## Data shown:
______________________________
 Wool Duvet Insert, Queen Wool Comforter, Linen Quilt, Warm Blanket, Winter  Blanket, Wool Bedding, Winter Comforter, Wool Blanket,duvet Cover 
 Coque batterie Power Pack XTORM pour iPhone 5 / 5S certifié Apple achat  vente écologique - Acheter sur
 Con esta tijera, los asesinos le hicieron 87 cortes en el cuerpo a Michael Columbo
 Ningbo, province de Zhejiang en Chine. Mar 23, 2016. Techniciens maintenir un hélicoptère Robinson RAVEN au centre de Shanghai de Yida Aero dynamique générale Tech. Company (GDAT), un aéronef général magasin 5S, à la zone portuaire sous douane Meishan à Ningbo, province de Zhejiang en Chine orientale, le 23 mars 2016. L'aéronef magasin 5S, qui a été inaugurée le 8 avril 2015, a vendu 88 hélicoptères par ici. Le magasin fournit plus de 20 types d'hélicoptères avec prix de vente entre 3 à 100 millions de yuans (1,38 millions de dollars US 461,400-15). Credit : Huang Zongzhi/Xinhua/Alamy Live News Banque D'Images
______________________________
## Activity:
Nothing but the lines from the one containing "Coque batterie Power" to the last line of the listing above belongs in the answer; restate each word for word.

## Solution:
 Coque batterie Power Pack XTORM pour iPhone 5 / 5S certifié Apple achat  vente écologique - Acheter sur
 Con esta tijera, los asesinos le hicieron 87 cortes en el cuerpo a Michael Columbo
 Ningbo, province de Zhejiang en Chine. Mar 23, 2016. Techniciens maintenir un hélicoptère Robinson RAVEN au centre de Shanghai de Yida Aero dynamique générale Tech. Company (GDAT), un aéronef général magasin 5S, à la zone portuaire sous douane Meishan à Ningbo, province de Zhejiang en Chine orientale, le 23 mars 2016. L'aéronef magasin 5S, qui a été inaugurée le 8 avril 2015, a vendu 88 hélicoptères par ici. Le magasin fournit plus de 20 types d'hélicoptères avec prix de vente entre 3 à 100 millions de yuans (1,38 millions de dollars US 461,400-15). Credit : Huang Zongzhi/Xinhua/Alamy Live News Banque D'Images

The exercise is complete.